XX: + UseCompressedStrings and Compact Strings are two different things.
UseCompressedStrings means that strings that are ASCII can be converted to byte[] , but this was disabled by default. In jdk-9, this optimization is always enabled, but not through the flag itself, but is embedded.
Until java-9 strings are stored inside char[] in UTF-16 encoding. From java-9 and up, they will be stored as byte[] . Why?
Because in ISO_LATIN_1 each character can be encoded in one byte (8 bits) against what it is used to date (16 bits, 8 of which have never been used). This only works for ISO_LATIN_1 , but this is most of the strings used.
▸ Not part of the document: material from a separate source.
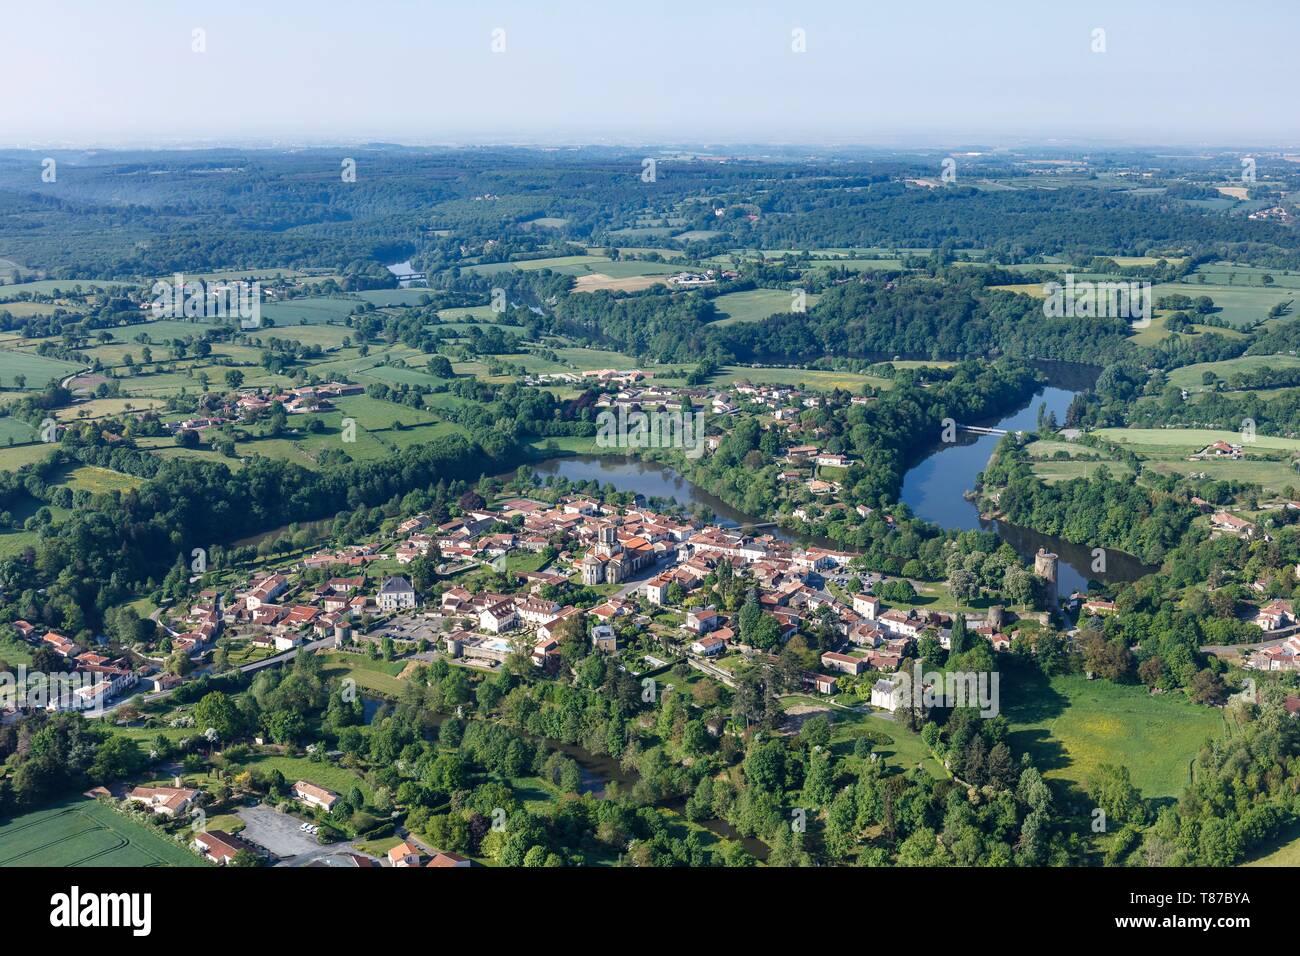 France, Vendee, Vouvant, labelled Les Plus Beaux Villages de France (The Most Beautiful Villages of France) (aerial view) Stock Photo

So this is done to use space.
Here is a small example that should make everything clearer:
class StringCharVsByte { public static void main(String[] args) { String first = "first"; String russianFirst = ""; char[] c1 = first.toCharArray(); char[] c2 = russianFirst.toCharArray(); for (char c : c1) { System.out.println(c >>> 8); } for (char c : c2) { System.out.println(c >>> 8); } } }
In the first case, we will only get zeros, which means that the most significant 8 bits are zeros; in the second case there will be a nonzero value, which means that at least one bit of the most significant 8 is present.
This means that if inside we store strings as an array of characters, there are string literals that actually spend half of each char. It turns out there are several applications that actually spend a lot of space because of this.
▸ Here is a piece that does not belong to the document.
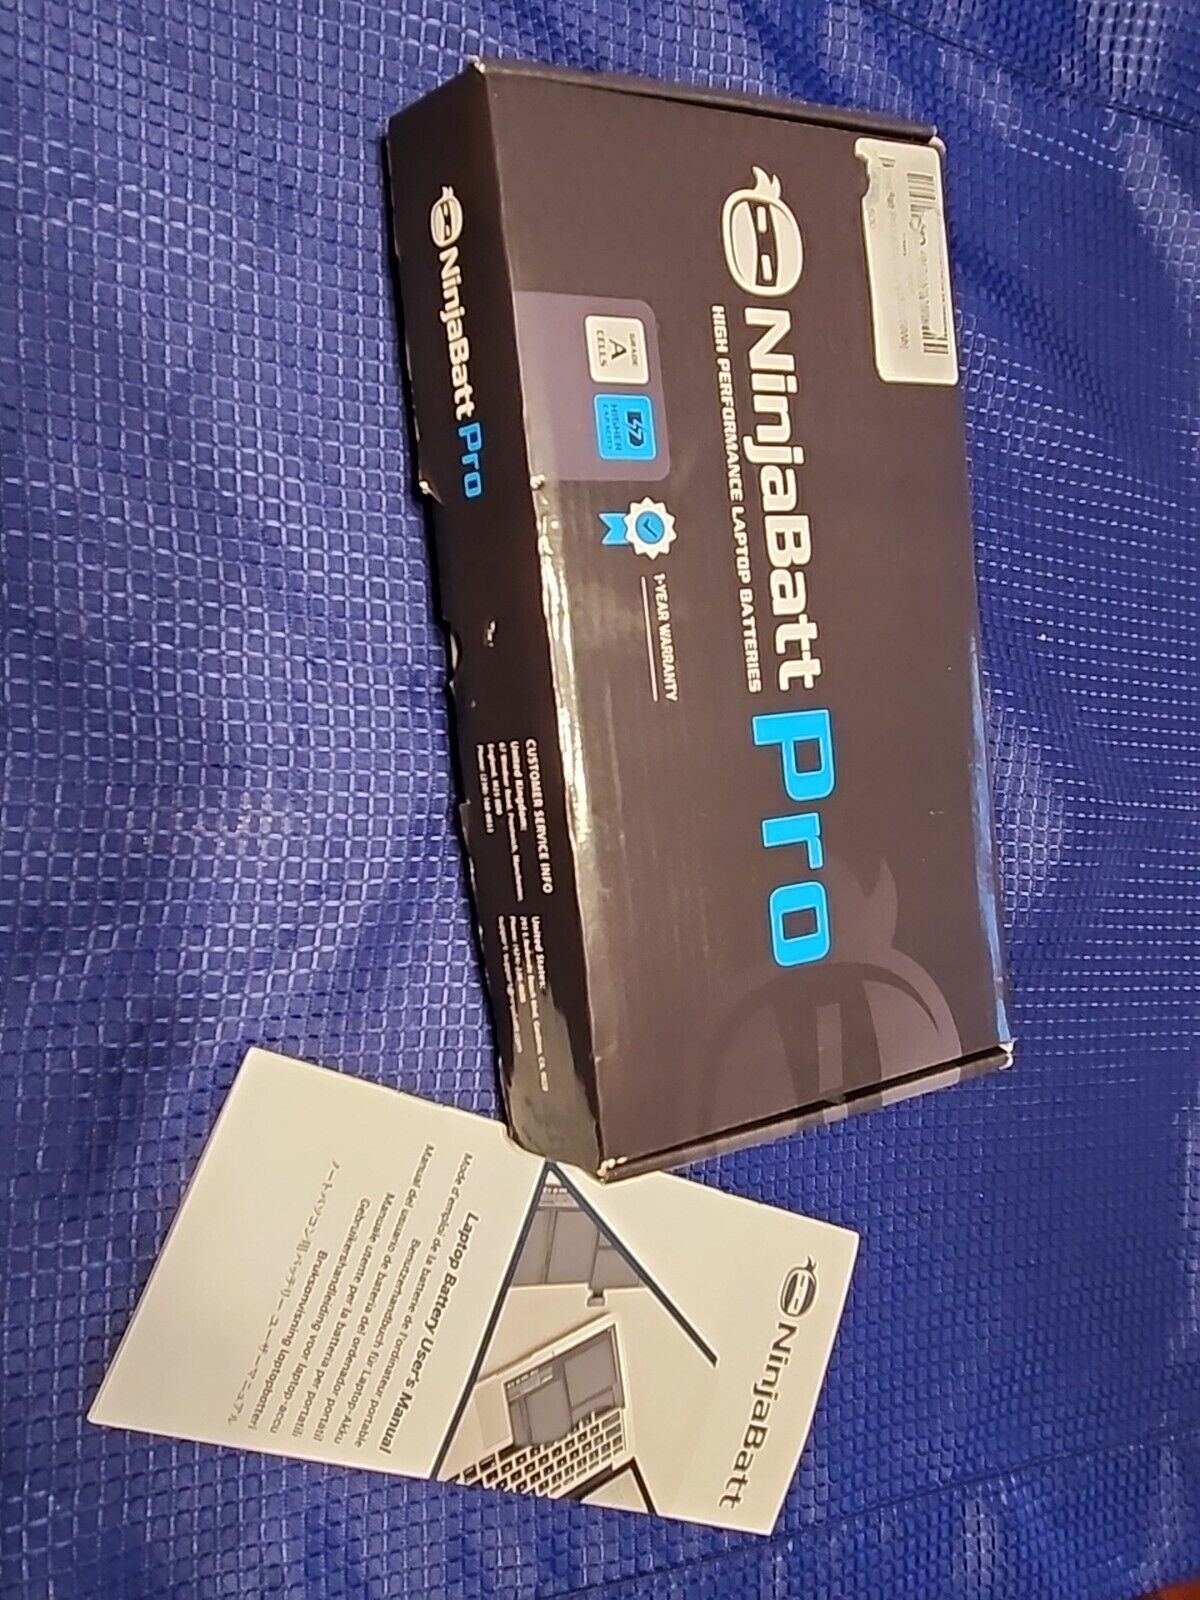 NinjaBatt Pro Laptop battery 15.2V/56Wh.   Brand New in Box

Do you have a 10 character string of Latin1? You just lost 80 bits, or 10 bytes. To reduce this line compression was performed. And now for these lines there will be no loss of space.
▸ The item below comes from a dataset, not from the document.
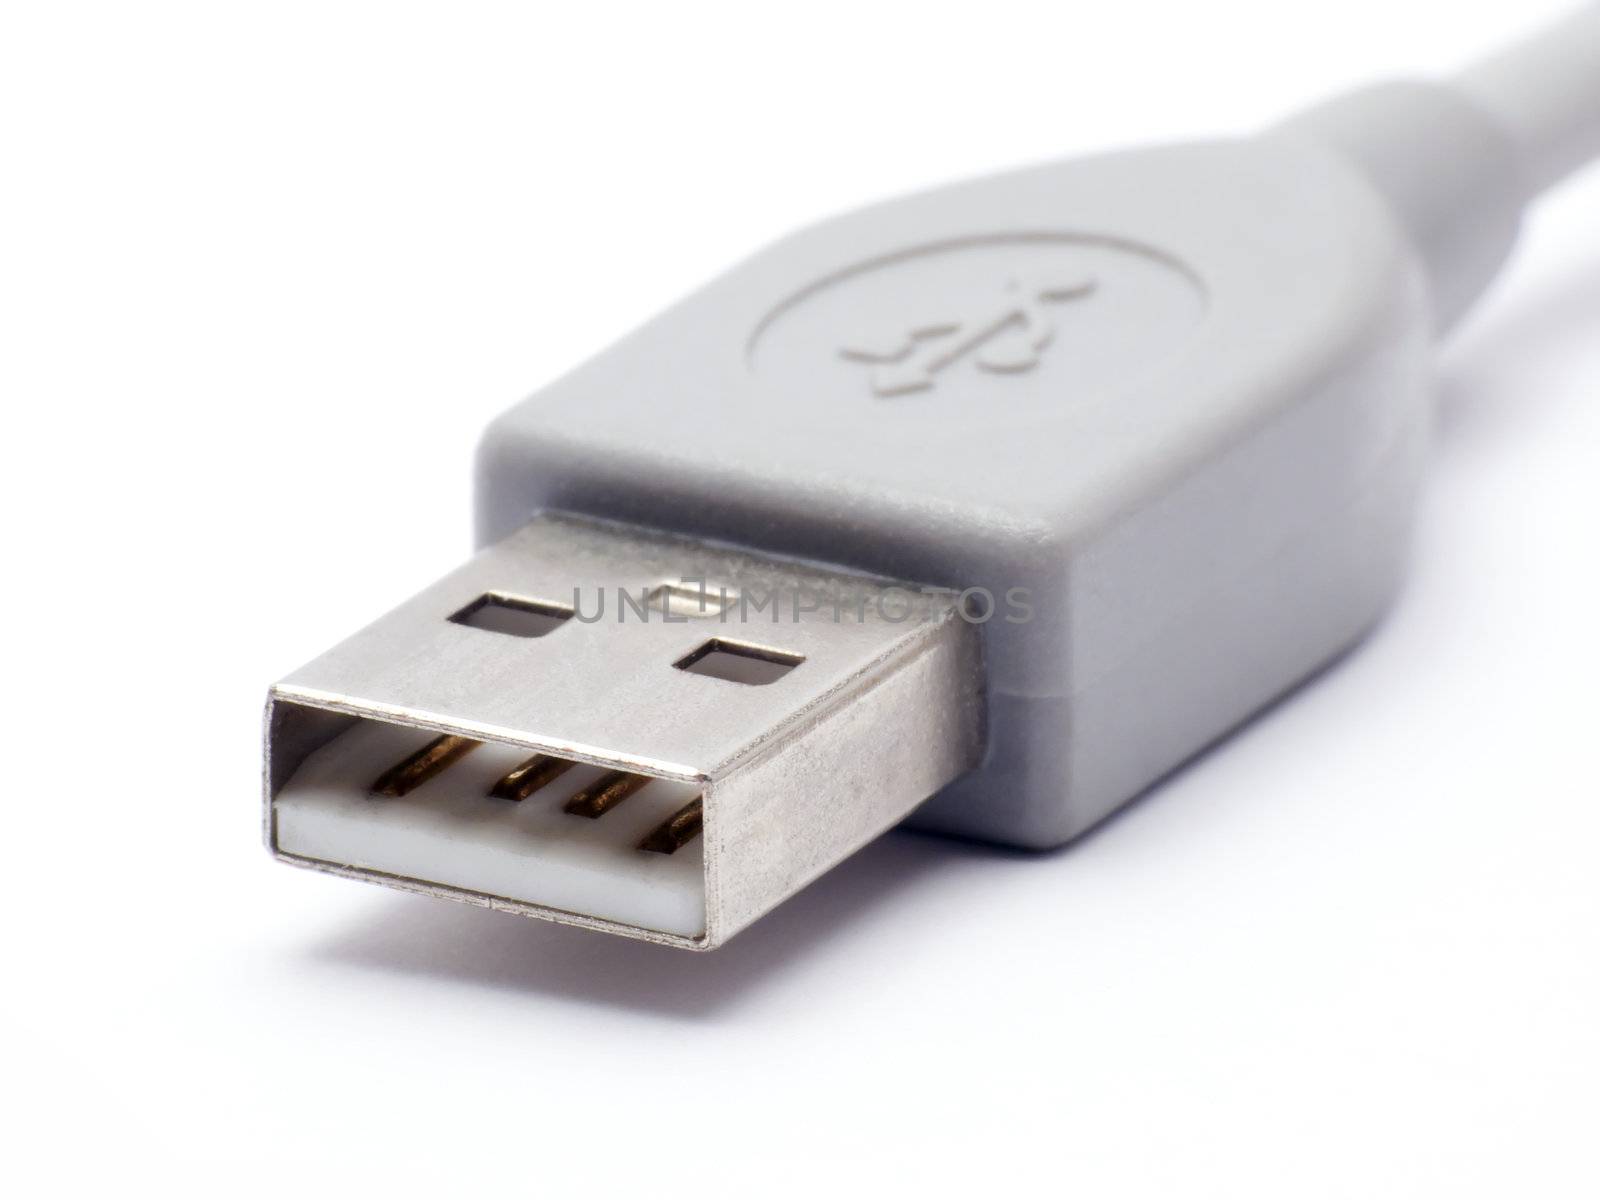 USB Connector by devulderj

Inside, it also means some very nice things. To distinguish between the line LATIN1 and UTF-16 , there is a coder field:
private final byte coder;
Now based on this, length calculated differently:
public int length() { return value.length >> coder(); }
If our string is only Latin1, the encoder will be zero, so the length of the value (an array of bytes) will be the size of the characters. For non-Latin1, divide into two.